Storing persistent data for containers has been a chronic issue since Docker was introduced, because the initial design for Docker simply didn't deal with the concept of data that needs to outlive the container runtime and that can't be easily moved from one machine to another. Docker's only concession to the need for state in version 1.0 was to allow "volumes": external filesystems that the container could access, but that were otherwise unmanaged by the Docker system. The conventional wisdom was not to put your data into containers.
According to the panel, the appc spec may take this a step further by specifying that the entire container image and all of its initial files be immutable, except for specific configured directories or mounts. The idea is that any data that administrators care about needs to be put in specific, network-mounted directories, anyway. Managing these directories will then be left to orchestration frameworks.
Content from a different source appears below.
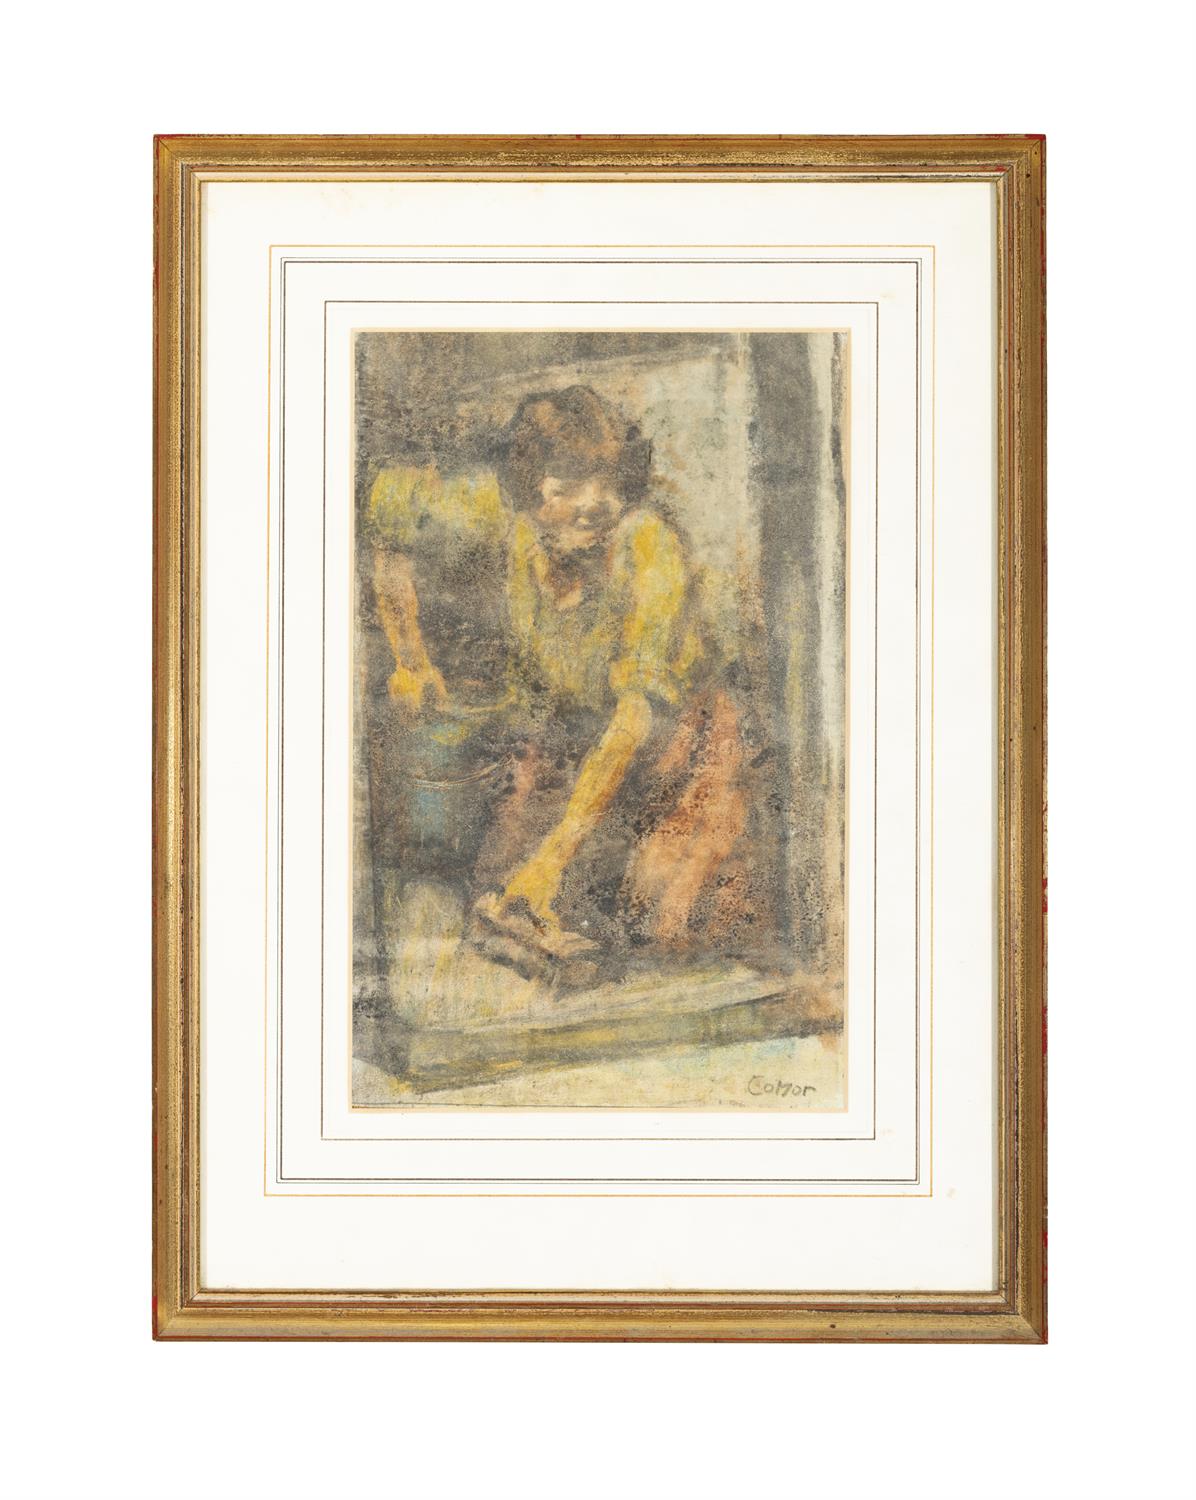 William Conor RUA RHA (1881 - 1968) Girl Scrubbing the Step Wax crayon 32 x 20cm (12 ½ x 8”) - Image 2 of 4

A reader would be forgiven for thinking that both Docker and CoreOS had decided to ignore the issue of persistent data for the time being. Certainly a lot of developers in the "world of containers" seem to think so and are working to fill that gap. They described some of their projects to deal with persistent data at ContainerCamp and CoreOS Fest. One solution is to make distributed data storage trustworthy, so that administrators don't have to worry about data being persistent on any specific node.
The Raft consensus algorithm
A reliable distributed data store needs to have some way of ensuring that the data in it will eventually, if not immediately, become consistent across all nodes. While this is easy on a single-node database, a multi-node database where any of the individual nodes is allowed to fail requires more complex logic to determine how to make writes consistent. This is called "consensus", which is an agreement on shared state across multiple nodes. Diego Ongaro, developer of Raft, LogCabin, and RAMCloud, described to the audience how it works.
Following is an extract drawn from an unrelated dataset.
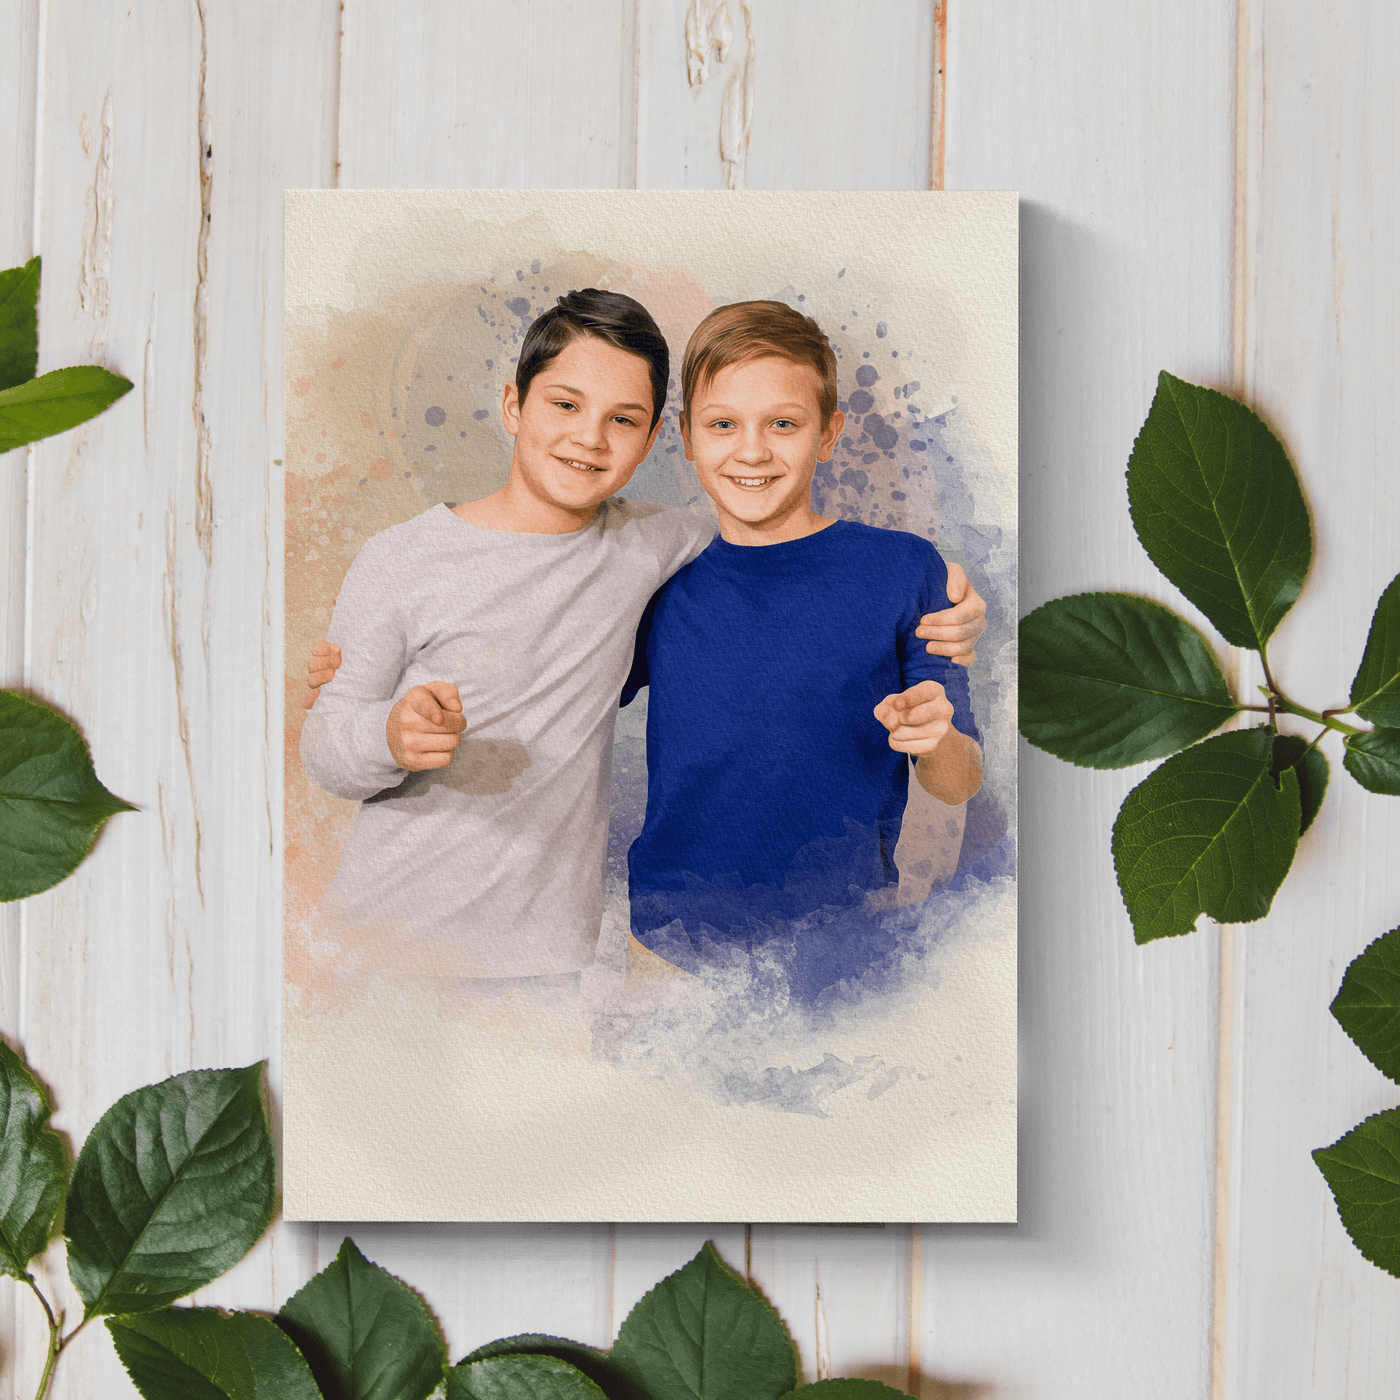 watercolor children portrait of a happy siblings

The Paxos consensus algorithm was introduced by Leslie Lamport in 1989, and for over two decades was the first and last word in consensus. But it had some problems, the chief of which was extreme complexity. "Maybe five people really, truly understood every part of Paxos," Ongaro said. Students and programmers alike found it difficult or impossible to write tests that validated whether the protocols described by Paxos were correctly implemented. This meant that, despite being based on the same algorithm, different Paxos implementations were radically different from each other, and could not be proven to have correctly implemented the algorithm, he said.
To solve this, Ongaro and Professor John Ousterhout at Stanford created a new consensus algorithm that they designed to be simple, testable, and easy to explain to developers. Ongaro's PhD thesis described the algorithm [PDF], called Raft; the name refers to the desire to "escape the island of Paxos." Ongaro described their reasoning: "At every design choice, we asked ourselves: what's easier to explain?"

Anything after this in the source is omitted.